I don’t usually write in public about my life or my thoughts therefore I don’t know exactly what to say right now but first, I want to apologize for not reply the asks from last month and this one, for those who cares about sending good messages about my arts and I’m not even able to say thanks, I’m truly sorry :(
In August I wanted to upload a lot of new drawings but… I think I’m a positive person who doesn’t affect negative stuff, I always smile and I’m very optimistic and it’s not because I want to show that I’m strong, I’m just like this. My dog was very ill in May and since then she has been under treatments. I don’t know which month is in other countries but here, August is the worst month for old (humans and dogs too). When August ends we usually say “Pasé Agosto!” -“I passed August” (it’s a way to say “I survived the worst month of the year”) and I wanted to say this for my dog… she was even worst ( I stayed next to her all the days, that’s why I didn’t finish drawings and after a week with the same drawing it was so boring for me). Titi – my dog - and we spend a lot of great moments and sad ones together; she wasn’t only hunger, she passed for a lot of many things just like us and she was very happy after we stabilize years ago. I didn’t realize until now that she was a really important part of our lives and now that she’s gone it’s like a part of us died too, everything went with her. It’s a part of our lives that doesn’t embarrassed us, it strengthened us, I have no idea how to explain it, I don’t know if there will be someone who understands me… Before my dog died we were all together in the house - is quite strange because my father works at the weekend and my sister doesn’t live here), when she stopped breathing everybody was crying, except myself. I didn’t want them to see me crying for everything that I already say but also because once, my mom and my other sister saw me crying -after reading a “letter” - and they also started to cry (because they saw me and it was really weird haha), I didn’t know what would happened if they saw me but, now I think that not crying that day wasn’t a really good idea. Now I’m really scared to go to the kitchen at night because I want to open the door and check my dog, and I know that she is not here…

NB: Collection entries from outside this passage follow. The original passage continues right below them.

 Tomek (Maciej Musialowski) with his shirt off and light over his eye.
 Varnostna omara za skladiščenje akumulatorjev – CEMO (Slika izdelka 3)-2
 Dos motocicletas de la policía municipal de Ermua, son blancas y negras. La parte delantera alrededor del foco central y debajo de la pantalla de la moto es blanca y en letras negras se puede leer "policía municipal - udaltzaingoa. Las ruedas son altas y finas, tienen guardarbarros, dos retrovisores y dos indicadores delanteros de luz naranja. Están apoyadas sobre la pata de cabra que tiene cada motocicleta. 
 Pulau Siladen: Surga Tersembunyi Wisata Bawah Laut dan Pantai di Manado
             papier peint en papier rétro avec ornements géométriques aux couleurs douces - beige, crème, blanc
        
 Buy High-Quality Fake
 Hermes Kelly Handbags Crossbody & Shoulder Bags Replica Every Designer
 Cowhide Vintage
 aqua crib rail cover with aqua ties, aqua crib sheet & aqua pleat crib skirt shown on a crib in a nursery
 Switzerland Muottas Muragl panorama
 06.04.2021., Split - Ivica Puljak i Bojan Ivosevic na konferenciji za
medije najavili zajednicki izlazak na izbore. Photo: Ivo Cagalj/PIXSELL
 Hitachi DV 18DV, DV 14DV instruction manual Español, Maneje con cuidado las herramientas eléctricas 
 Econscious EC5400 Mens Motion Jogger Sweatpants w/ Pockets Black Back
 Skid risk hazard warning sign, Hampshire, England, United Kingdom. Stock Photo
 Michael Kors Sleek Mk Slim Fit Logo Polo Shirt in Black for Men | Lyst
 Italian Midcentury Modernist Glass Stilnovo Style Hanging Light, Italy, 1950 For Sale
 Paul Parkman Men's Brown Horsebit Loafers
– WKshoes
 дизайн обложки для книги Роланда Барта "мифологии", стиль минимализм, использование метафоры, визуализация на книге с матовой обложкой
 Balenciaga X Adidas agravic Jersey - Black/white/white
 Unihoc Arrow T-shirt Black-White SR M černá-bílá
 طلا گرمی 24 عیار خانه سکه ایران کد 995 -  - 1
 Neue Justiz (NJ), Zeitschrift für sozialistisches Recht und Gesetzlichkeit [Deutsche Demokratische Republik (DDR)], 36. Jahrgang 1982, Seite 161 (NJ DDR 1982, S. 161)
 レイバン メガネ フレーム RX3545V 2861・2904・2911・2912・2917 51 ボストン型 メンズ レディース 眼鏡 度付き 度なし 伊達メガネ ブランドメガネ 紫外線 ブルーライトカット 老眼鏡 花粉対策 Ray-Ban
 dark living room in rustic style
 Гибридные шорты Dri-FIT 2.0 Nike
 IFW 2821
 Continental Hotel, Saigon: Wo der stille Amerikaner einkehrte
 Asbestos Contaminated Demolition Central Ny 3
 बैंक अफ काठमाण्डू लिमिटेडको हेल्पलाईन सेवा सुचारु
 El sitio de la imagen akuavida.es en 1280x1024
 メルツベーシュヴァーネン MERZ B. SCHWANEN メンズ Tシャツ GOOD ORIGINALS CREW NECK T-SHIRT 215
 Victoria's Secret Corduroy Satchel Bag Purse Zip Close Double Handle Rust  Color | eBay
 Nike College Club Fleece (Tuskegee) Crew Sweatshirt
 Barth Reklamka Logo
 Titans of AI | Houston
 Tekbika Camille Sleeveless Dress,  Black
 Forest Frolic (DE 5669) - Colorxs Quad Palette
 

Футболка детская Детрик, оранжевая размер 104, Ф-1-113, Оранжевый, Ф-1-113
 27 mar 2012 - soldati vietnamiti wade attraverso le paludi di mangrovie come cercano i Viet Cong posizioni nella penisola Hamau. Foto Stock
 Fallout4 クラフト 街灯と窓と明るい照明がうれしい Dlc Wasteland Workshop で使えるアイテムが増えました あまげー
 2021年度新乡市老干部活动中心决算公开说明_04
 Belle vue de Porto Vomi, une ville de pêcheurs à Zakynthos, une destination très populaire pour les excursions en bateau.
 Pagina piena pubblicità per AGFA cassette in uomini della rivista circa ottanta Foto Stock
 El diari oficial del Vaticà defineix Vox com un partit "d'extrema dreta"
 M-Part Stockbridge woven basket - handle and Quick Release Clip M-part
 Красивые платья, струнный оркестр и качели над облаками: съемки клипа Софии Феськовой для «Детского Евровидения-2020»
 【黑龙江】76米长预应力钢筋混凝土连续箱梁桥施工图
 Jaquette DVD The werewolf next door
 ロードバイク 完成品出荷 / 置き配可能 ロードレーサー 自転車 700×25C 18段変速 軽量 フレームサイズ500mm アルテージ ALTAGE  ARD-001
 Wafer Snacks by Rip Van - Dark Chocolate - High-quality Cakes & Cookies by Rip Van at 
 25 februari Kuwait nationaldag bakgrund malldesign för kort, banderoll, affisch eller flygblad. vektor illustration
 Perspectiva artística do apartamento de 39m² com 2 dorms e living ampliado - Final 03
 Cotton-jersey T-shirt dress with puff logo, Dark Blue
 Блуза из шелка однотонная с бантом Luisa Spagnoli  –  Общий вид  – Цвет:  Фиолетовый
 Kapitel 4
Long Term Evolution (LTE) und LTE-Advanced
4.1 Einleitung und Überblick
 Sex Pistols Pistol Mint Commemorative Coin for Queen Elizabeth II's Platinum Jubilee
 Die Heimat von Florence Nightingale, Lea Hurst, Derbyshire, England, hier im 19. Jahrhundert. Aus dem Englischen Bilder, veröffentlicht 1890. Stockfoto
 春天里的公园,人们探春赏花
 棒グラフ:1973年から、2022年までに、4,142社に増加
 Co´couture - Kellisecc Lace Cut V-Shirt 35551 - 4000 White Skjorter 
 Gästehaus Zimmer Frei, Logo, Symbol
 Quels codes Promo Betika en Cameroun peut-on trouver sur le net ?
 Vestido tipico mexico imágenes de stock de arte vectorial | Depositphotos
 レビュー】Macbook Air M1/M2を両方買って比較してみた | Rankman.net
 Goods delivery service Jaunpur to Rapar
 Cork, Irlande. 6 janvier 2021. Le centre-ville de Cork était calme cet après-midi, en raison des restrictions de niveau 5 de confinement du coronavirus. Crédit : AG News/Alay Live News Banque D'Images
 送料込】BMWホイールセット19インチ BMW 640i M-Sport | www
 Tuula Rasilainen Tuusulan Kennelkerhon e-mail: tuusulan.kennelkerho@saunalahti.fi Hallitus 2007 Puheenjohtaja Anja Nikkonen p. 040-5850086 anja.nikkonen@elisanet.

But anyway, now I’m better and I can continue my unfinished drawings and upload more ~
Oh wait, let me explain this before I forget. A week before Titi died there was a videogame event (I think is one of the most important/biggest events of South America) All the tickets were sold out so I tough that buying a cheap ticket and play Super Smash Bros and Hyrule Warriors was totally impossible but the last day of this event, a former high school classmate won two tickets in a raffle and she invited me! IT WAS SO AMAZING! I didn’t pay and I played SSB – I lost – and Hyrule Warriors yeessssssss and now I’ve a reusable shopping bag of skyward sword??? I’m going to buy bread to Skyloft! (??
Thanks for reading :’)
Nunca, pero si lo dibujara creo que sería algo así (?